Authentic Material allows teachers to supplement or eventually replace the boring ESL textbook. The following is a compilation of authentic material sources most commonly used in the classroom:
- Ad Banners, advertisements, billboards
- Catalogs, college and university brochures, flyers, travel brochures
- Movies, scripts, commercials
- Radio shows, newspapers, Internet websites, magazines, TV shows
- Social media, YouTube, phonebooks
- Ticket stubs, manuals, menus, maps
- Greeting cards, horoscopes
The following video tutorial shows how teachers can use songs to teach English
Authentic material can be used at different levels. The table below will guide you on what materials fit best with your classroom.
Myth: The Communicative Approach Does Not Pay Attention to Grammar Structure
The style of English used in Authentic Material is natural and communicates whatever the material was created for, rather than teaching a particular structure. For this reason, some critics indicate that the Communicative Approach does not place sufficient emphasis on grammar rules, so the method could not properly teach grammatical competence.
Placing too much emphasis on games or authentic material can lead to a fun and engaging lesson, but the students do not learn anything of value. This is common when people take a sub-par TEFL certification course that lacks comprehensive training in lesson planning. Teachers need to be proficient in grammar rules and have the ability to structure a lesson plan that properly follows each stage of the Communicative Approach.
The video below will help you understand how to teach English grammar function and structure using the Communicative Approach
Teaching Integrated Skills with the Communicative Approach
One of the benefits of the Communicative Approach and related approaches under the Communicative Language Teaching (CLT) umbrella is that teachers can integrate a grammar or vocabulary lesson with receptive and productive language skills.
With the Communicative Approach, a grammar lesson can be integrated with a speaking lesson creatively. Authentic material such as movies, newspapers, comics, and songs is key to supporting English language learning in an enjoyable and meaningful context to students. However, as these comprehensive lesson plans show, authentic material is supported with activities that reinforce practice of grammar structure.
For example, this Communicative Approach lesson plan developed by an OnTESOL student during the TESOL course shows how a TV show supported by activities that follow the Presentation-Practice-Production PPP format can be used to teach Phrasal Verbs. This other PPP lesson plan shows how a newspaper article can be used to teach the Present Progressive. The Engage-Study-Activate (ESA) format is also a great way to teach English communicatively. Here is a ESA lesson plan by an OnTESOL graduate.
The Communicative Approach is International
The Communicative Approach is used in different classroom settings worldwide. It is easier to implement in well-managed language programs with a maximum of 15 students. With proper training and a bit of experience, it can get easier to implement in large classes of 40+ students where Direct Method or Audio-lingual (known as Army-style method) are more commonly used.

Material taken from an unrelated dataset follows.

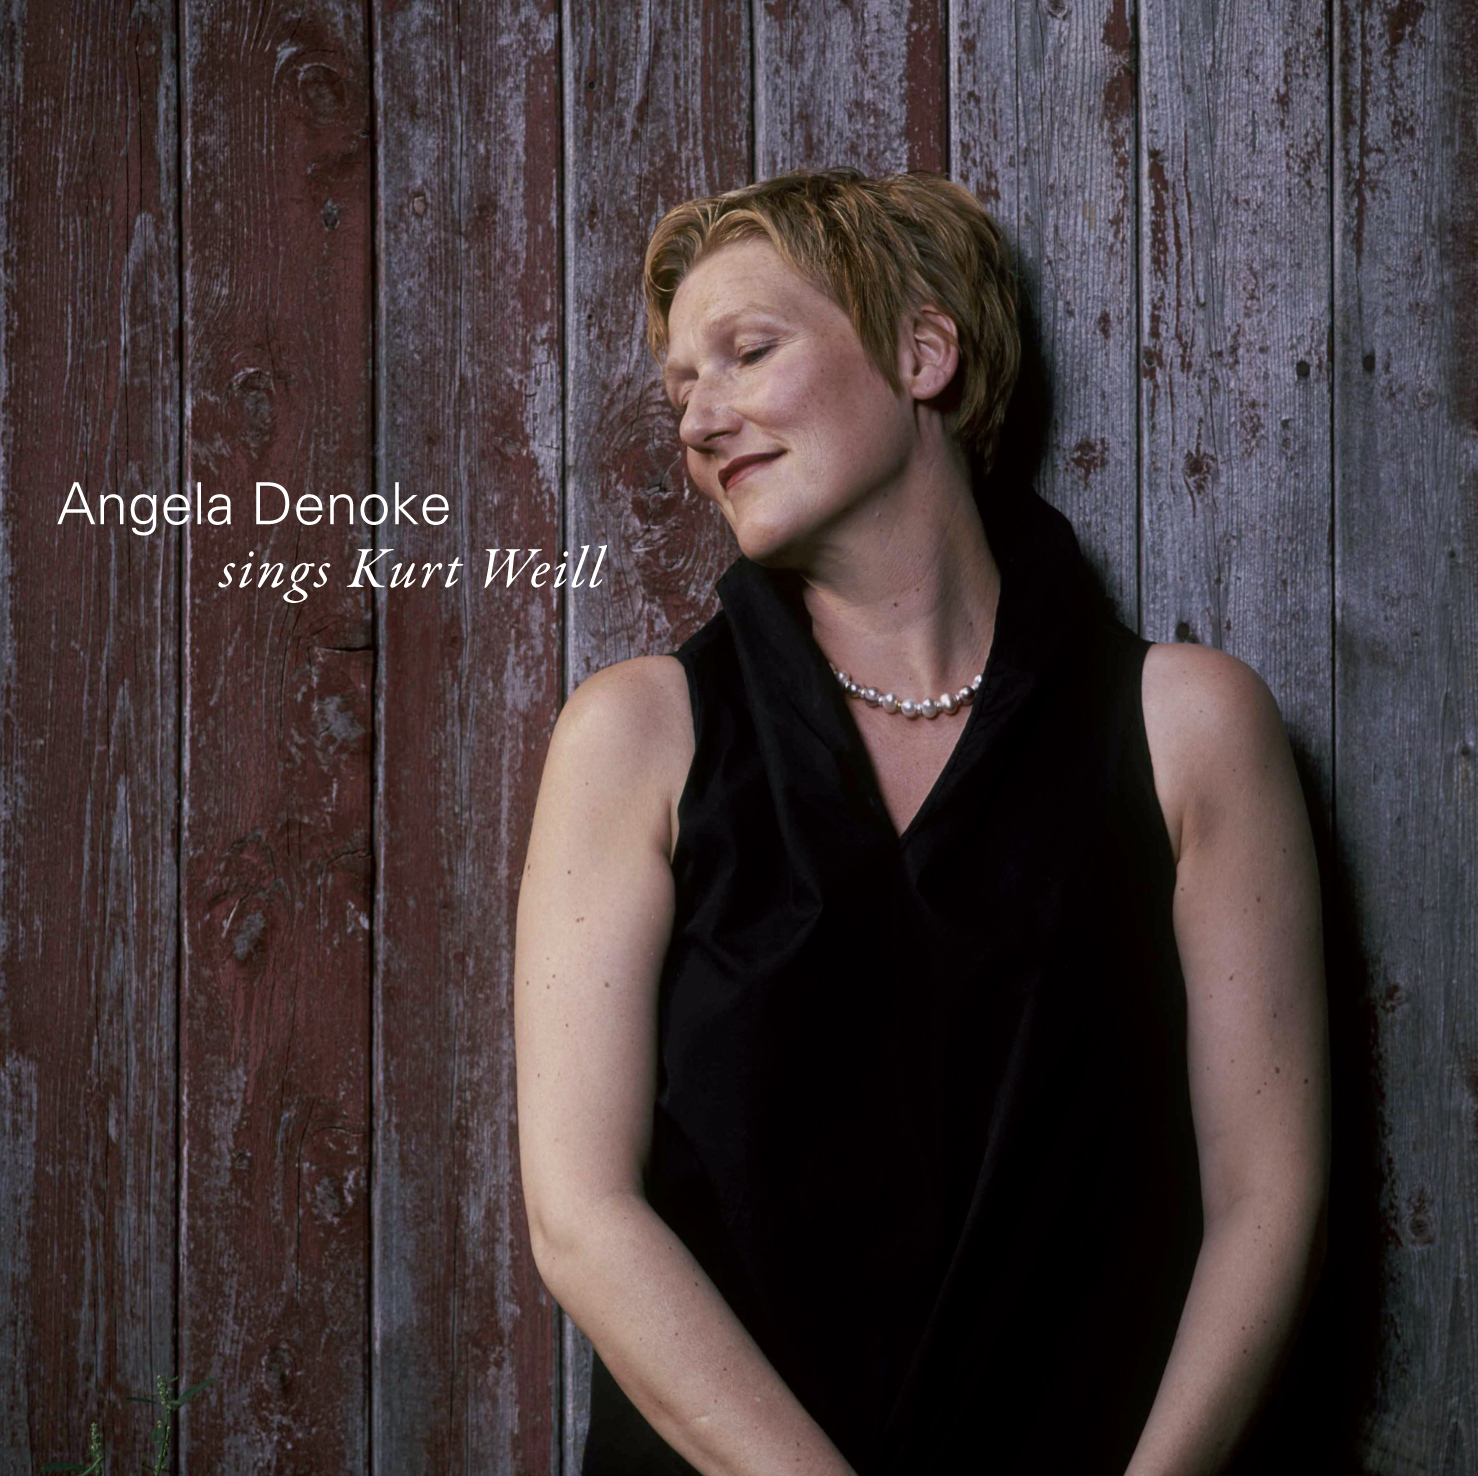 Poster for Angela Denoke's Weill programm, designed by Honigtee Music.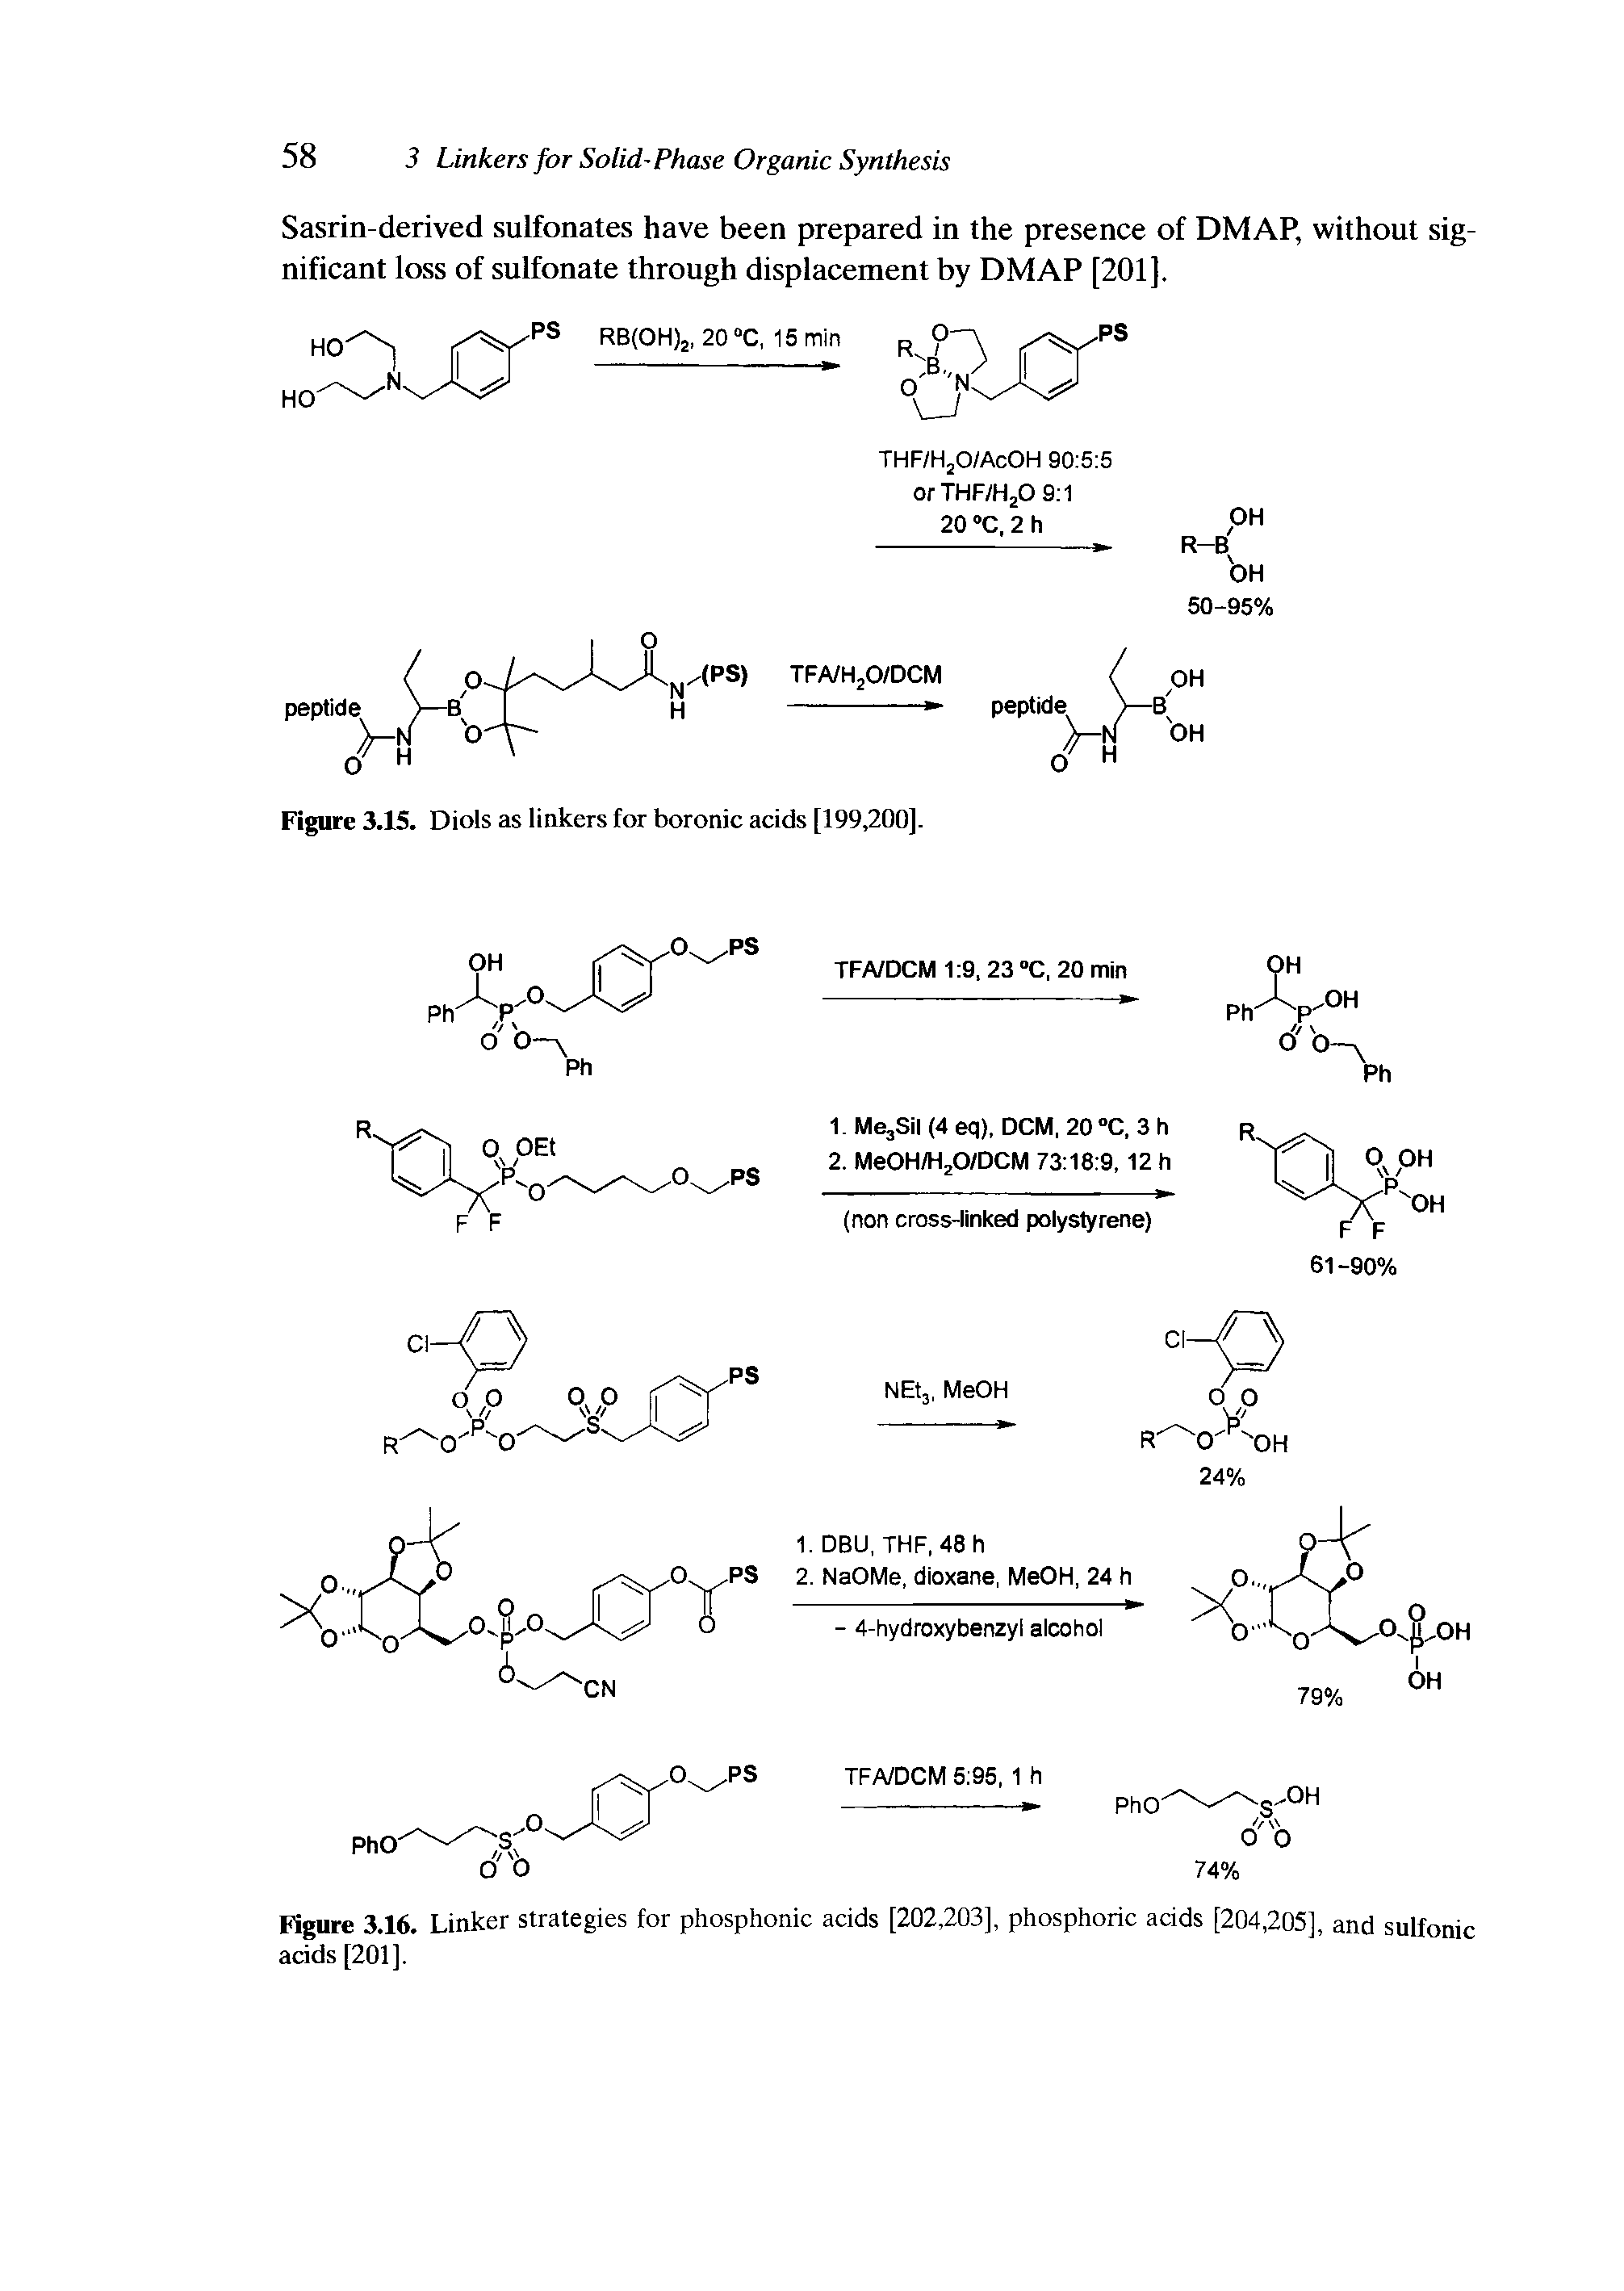 Figure 3.16. Linker strategies for phosphonic acids [202,203], phosphoric acids [204,205], and sulfonic acids [201].

OnTESOL graduates have written extensively on how the the Communicative Approach helped them adapt to any classroom situation in the world!
Jamie, an OnTESOL graduate in Indonesia, used the Communicative Approach to teach English in a local development program that offered English lessons to scuba diver guides. Jamie did not have access to many resources but focused on meaningful activities to teach them basic math skills, how to tell time, geography, biology, as well as good communication skills and conflict resolution.
In Canada, Clare used the Communicative Approach to supplement the FCE Oxford textbook in a lesson that connected students from different nationalities about their home foods.